Canagliflozin is currently not available on the German market despite positive patient-relevant endpoints. Therefore, no update of the canagliflozin study data has been made.

Sotagliflozin

Sotagliflozin is a dual SGLT-1 and SGLT-2 inhibitor. In a meta-analysis on the safety and side effects of sotagliflozin in people with type 2 diabetes, SGLT-2 inhibitors showed a well-known increased risk of genital infections in a dose-dependent manner (200 and 400 mg/day) (RR: 2.83, 95% Cl: 2.04-3.93, p<0.001). Sotagliflozin may increase the risk of ketoacidosis (RR: 1.30, 95% Cl: 0.34-4.99, p=0.70). There were other risks of side effects such as diarrhoea and a lack of volume (RR: 1.44, 95% Cl: 1.26-1.64, p<0.001; RR: 1.25, 95% Cl: 1.07-1.45, p<0.01; resp.) [210] .

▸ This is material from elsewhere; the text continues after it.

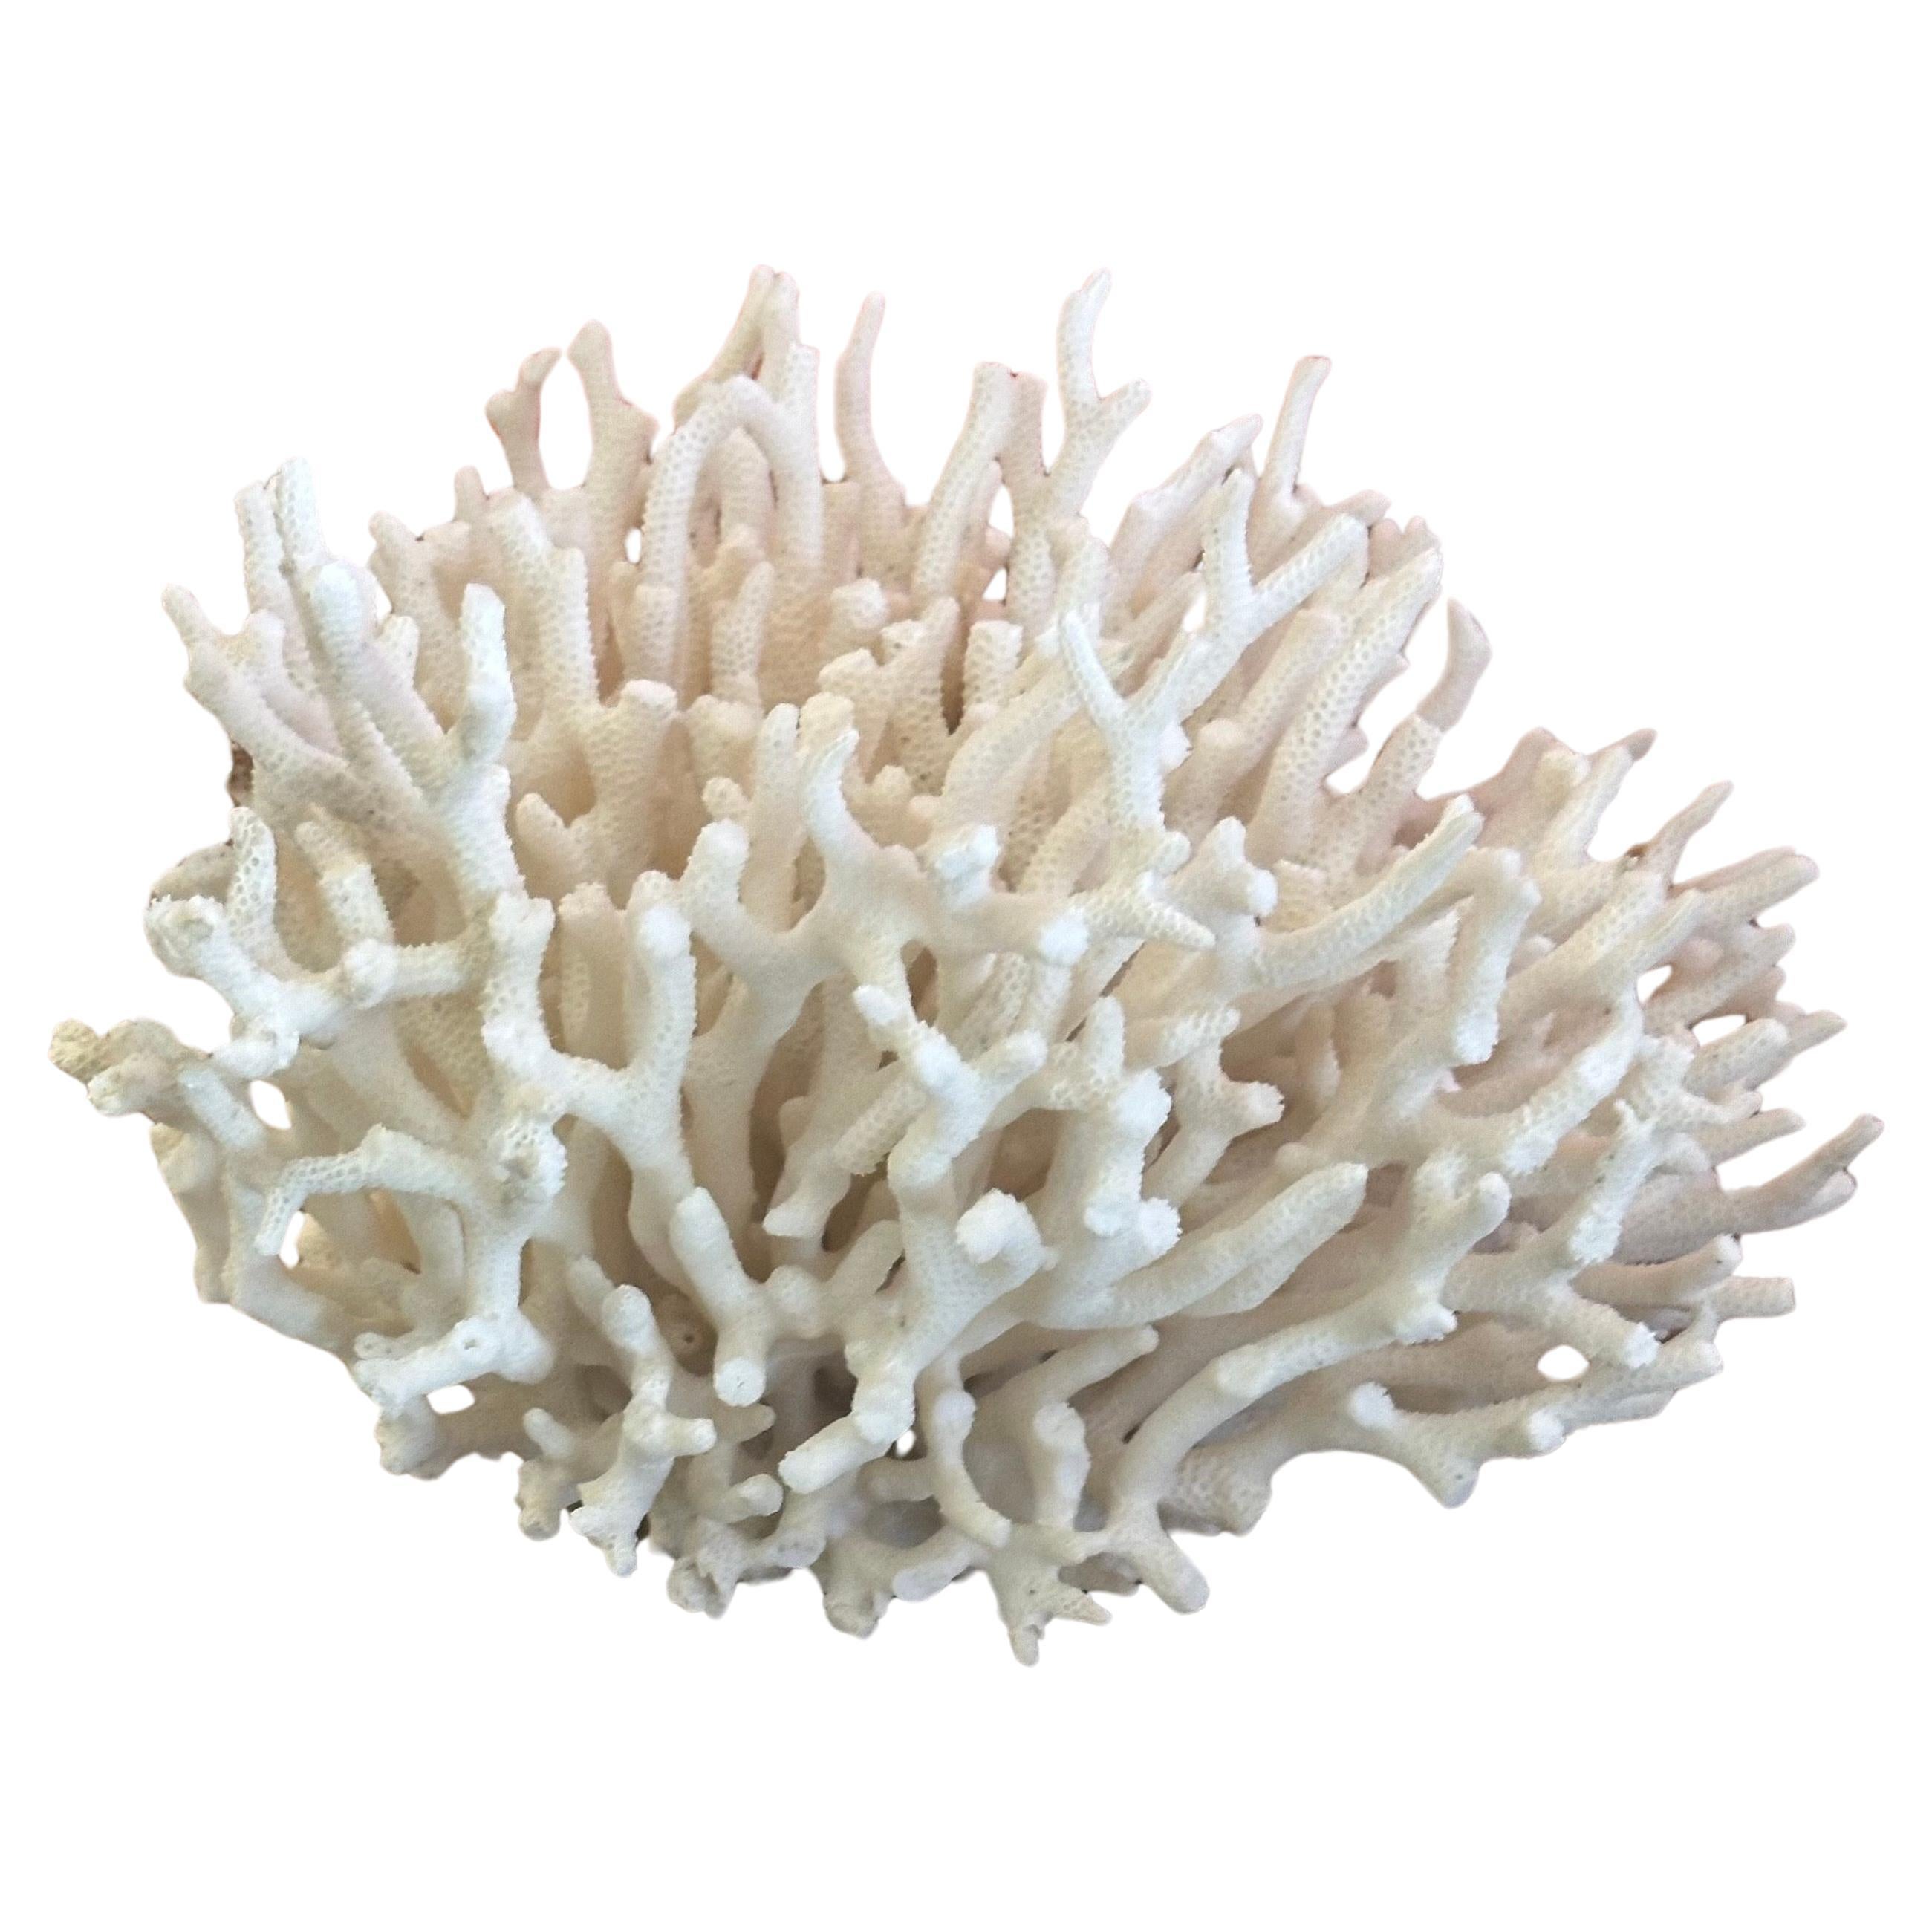 Natürliche weiße Meereskoralle Exemplar

Two large studies have been published so far for the treatment of type 2 diabetes. In the SOLOIST-WHF trial, people with type 2 diabetes and decompensated heart failure were studied with sotagliflozin (n=608) or placebo (n=614) for a median of 9 months. Mean ejection fraction (EF) was 35% and baseline heart failure therapy was the same in both groups. There was a significant reduction in the composite primary endpoint (cardiovascular death and hospitalisation or acute hospitalisation for heart failure) with sotagliflozin compared with placebo: hazard ratio (HR) 0.67, 95% CI 0.52-0.85, p<0.001). The hazard ratios for cardiovascular death were 0.84 (95% CI, 0.58-1.22) and for all-cause mortality 0.82 (95% CI, 0.59-1.14), slightly lower with sotagliflozin compared to placebo. As the study had to be discontinued due to COVID-19 and a lack of financial support, the calculated event rates were not achieved, so that the data of this study are not sufficiently robust overall [211] .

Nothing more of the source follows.